_INSTRUCTIONS FOR THE TASK_: Leave out the pictures, and copy exactly the lines from the line with "Bride prepares on" through the last line of the data below.

_PROVIDED MATERIAL_:
-----

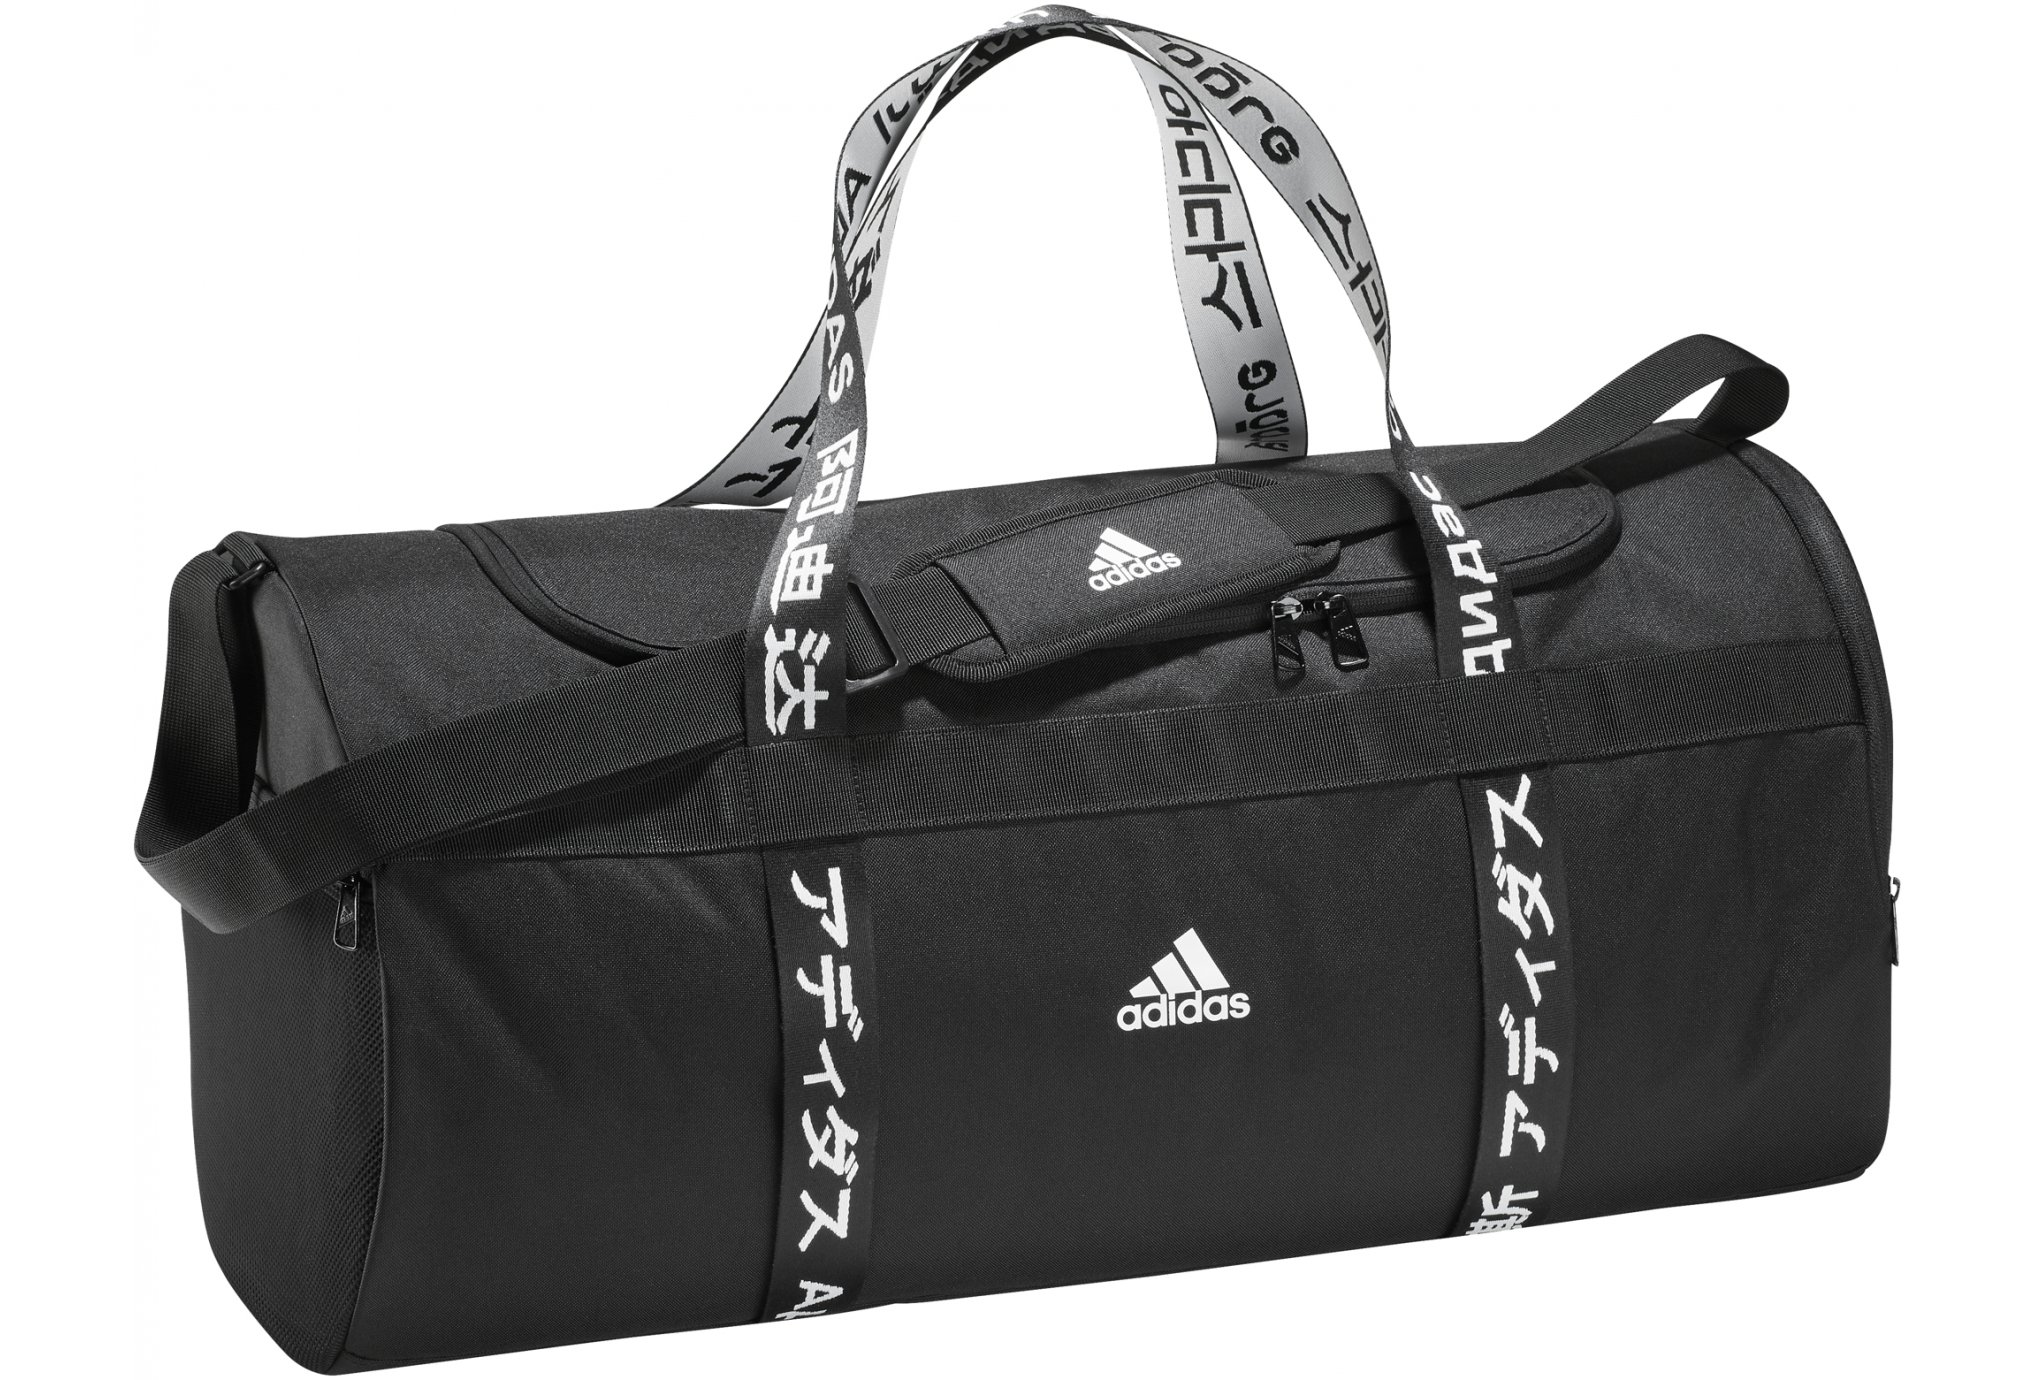 Adidas 4 athletes- l sac de sport
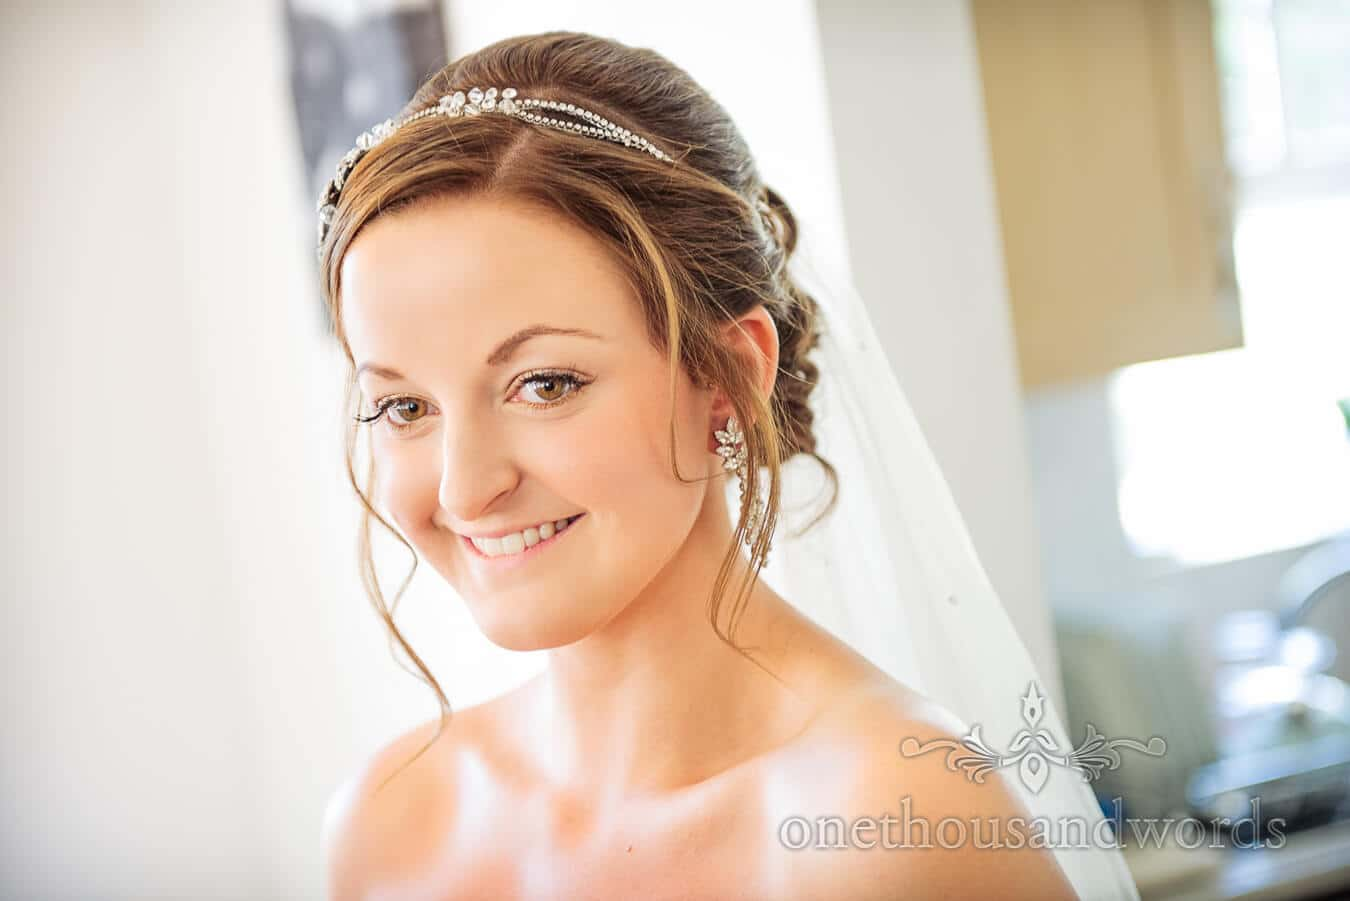 Bride prepares on wedding morning for wedding at Poole wedding venue
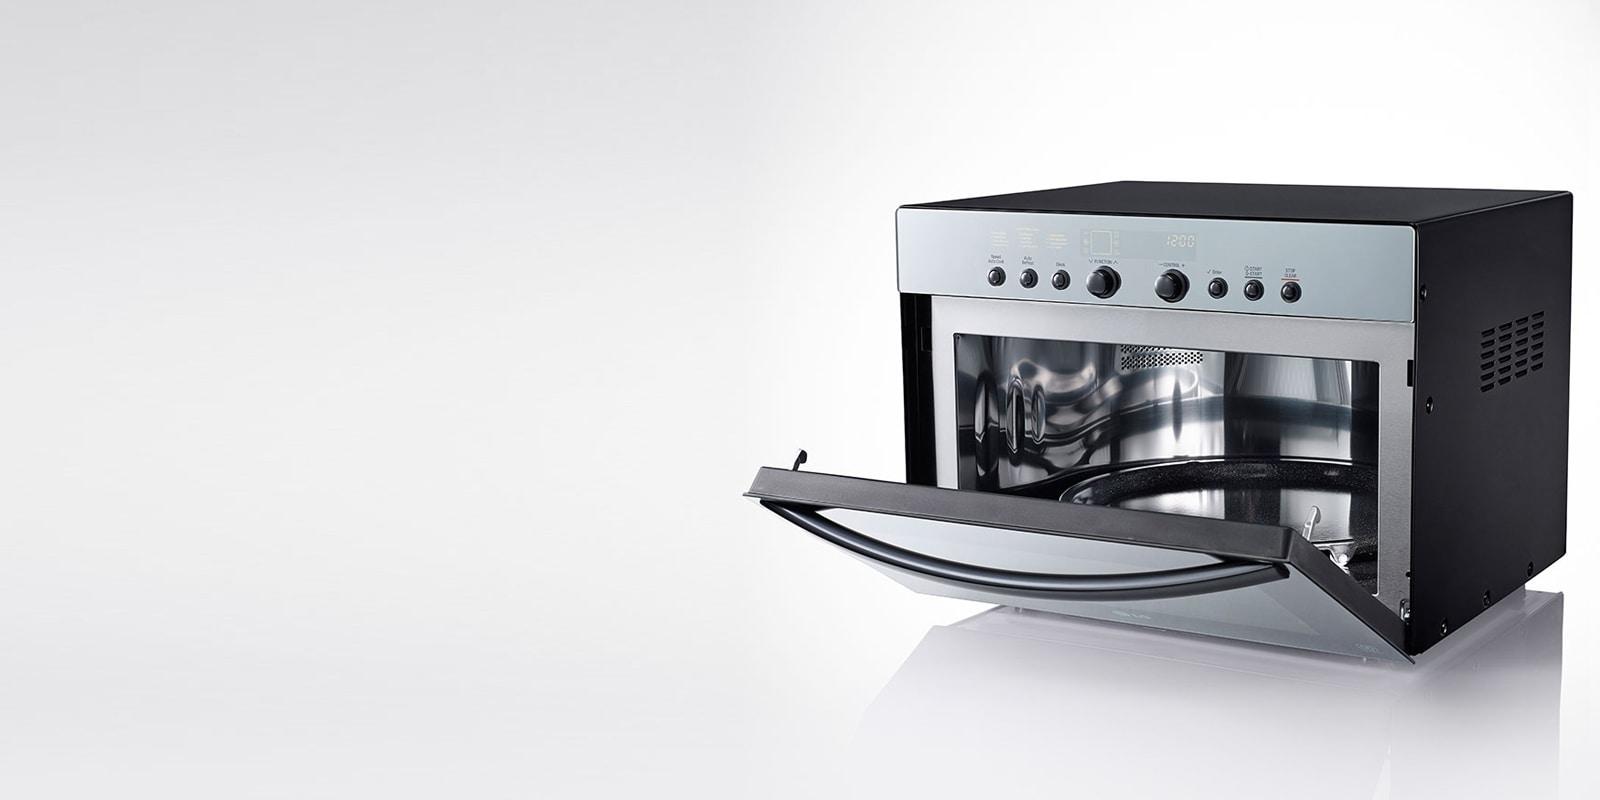 Kitchen Small Appliances Australia - Lightwave ovens

-----

_TASK OUTPUT_:
 Bride prepares on wedding morning for wedding at Poole wedding venue
 Kitchen Small Appliances Australia - Lightwave ovens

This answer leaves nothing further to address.